[Prompt]:
Produce word for word the lines of the data below running from the one that has "Spray Booth (9x6x5.5" to the one that has "<p><b>This shaggy, scruffy", inclusive, and no others.

[Data excerpts]:
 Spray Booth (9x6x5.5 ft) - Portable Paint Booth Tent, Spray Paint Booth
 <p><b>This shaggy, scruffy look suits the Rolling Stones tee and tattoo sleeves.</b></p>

* * *

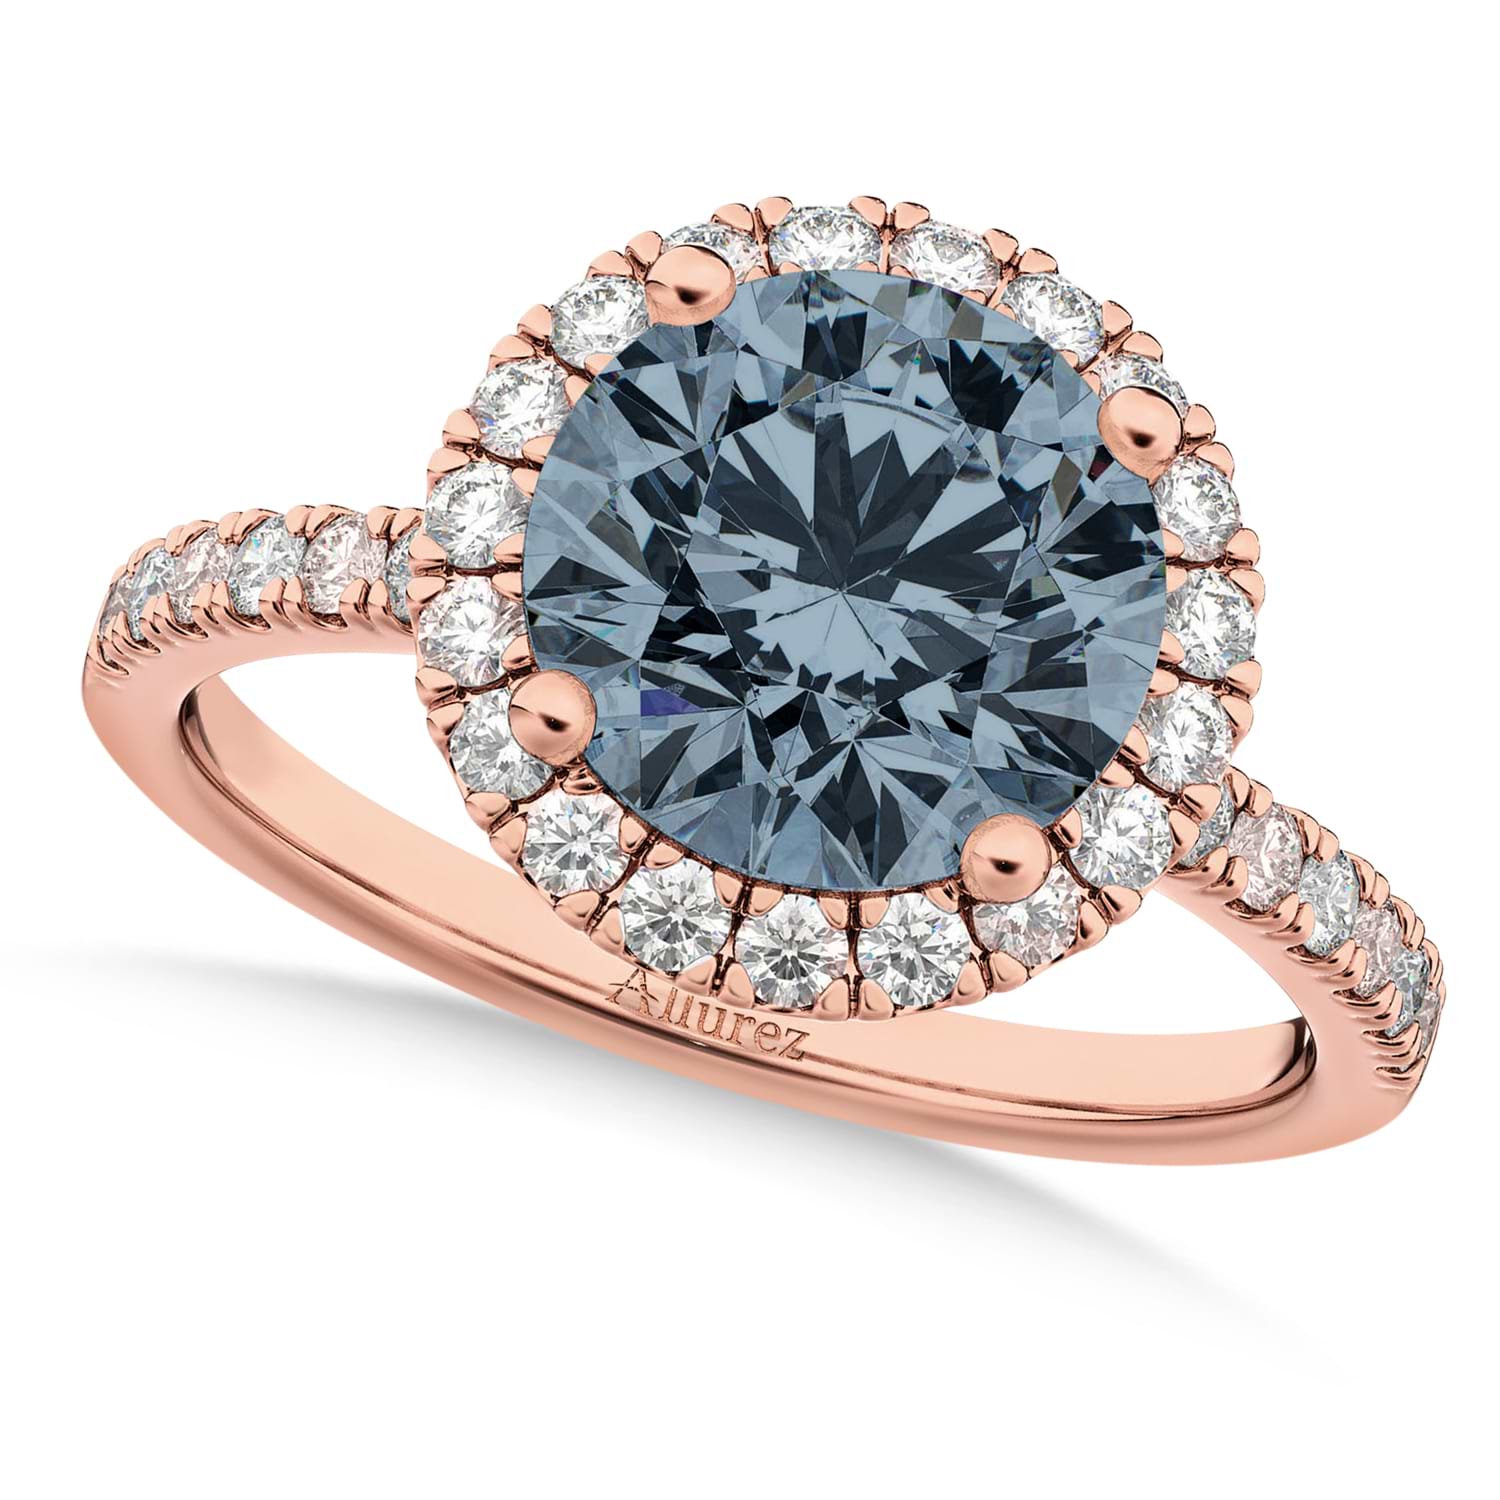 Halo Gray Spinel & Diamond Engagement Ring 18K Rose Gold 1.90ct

[Response for this exercise]:
 Spray Booth (9x6x5.5 ft) - Portable Paint Booth Tent, Spray Paint Booth
 <p><b>This shaggy, scruffy look suits the Rolling Stones tee and tattoo sleeves.</b></p>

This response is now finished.